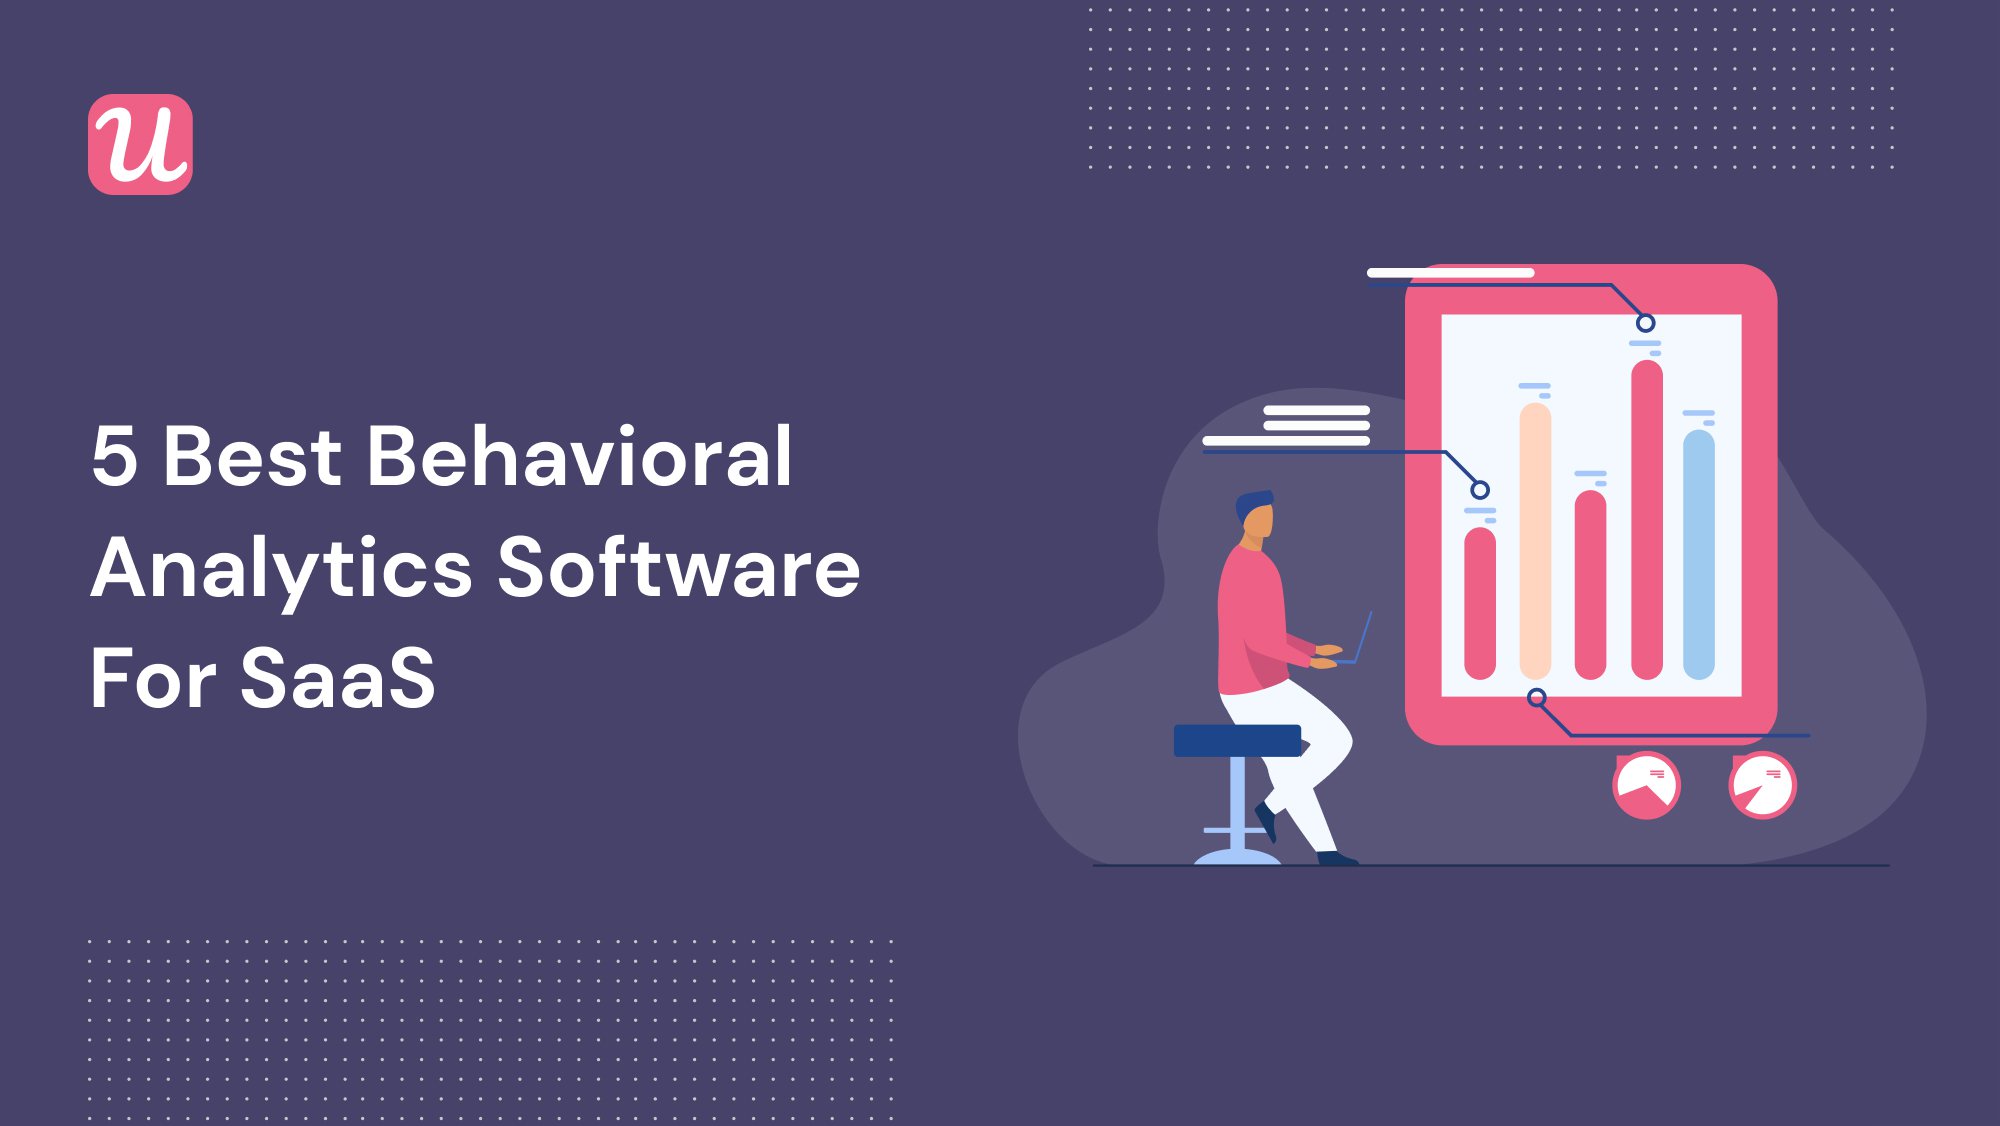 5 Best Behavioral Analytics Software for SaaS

* * *

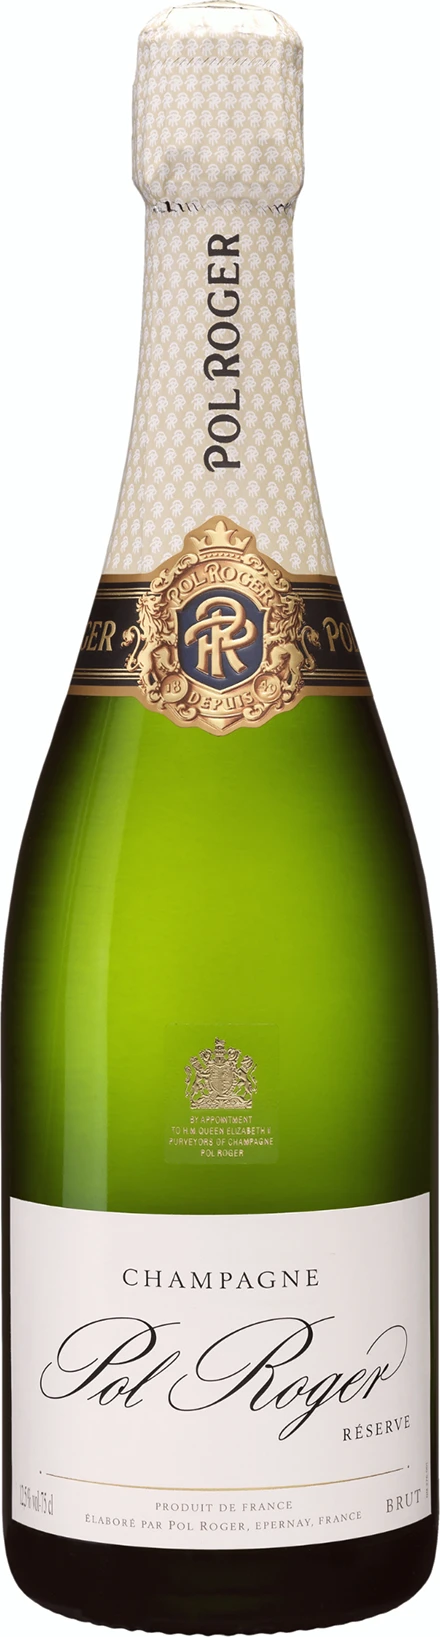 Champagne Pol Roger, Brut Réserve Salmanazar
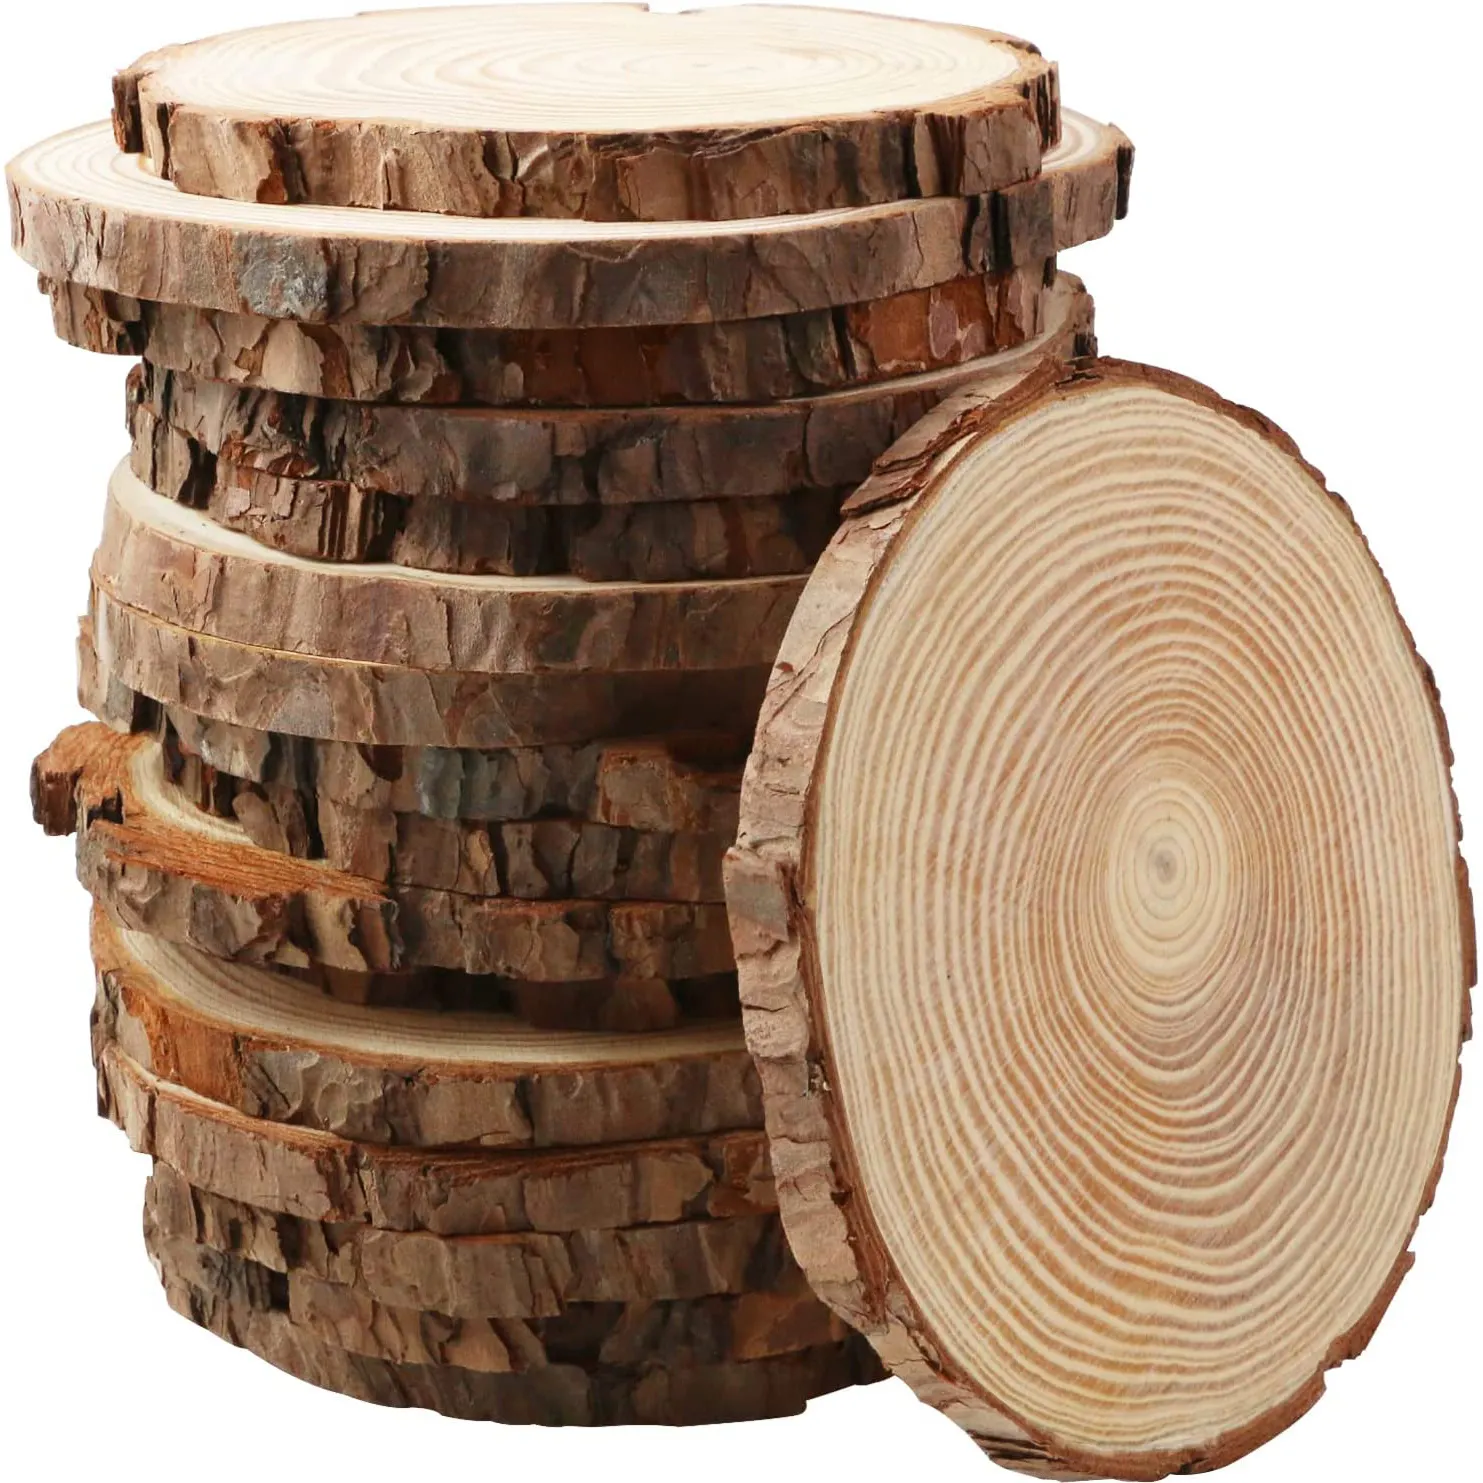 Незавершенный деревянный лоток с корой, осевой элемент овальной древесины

> **PROBLEM TO WORK ON**:
Working from the entries above, please transcribe only the lines from the line with "Champagne Pol Roger, Brut Réserve Salmanazar" through the line with "Незавершенный деревянный лоток", exactly, with both end lines and without pictures.

> **OUTPUT**:
 Champagne Pol Roger, Brut Réserve Salmanazar
 Незавершенный деревянный лоток с корой, осевой элемент овальной древесины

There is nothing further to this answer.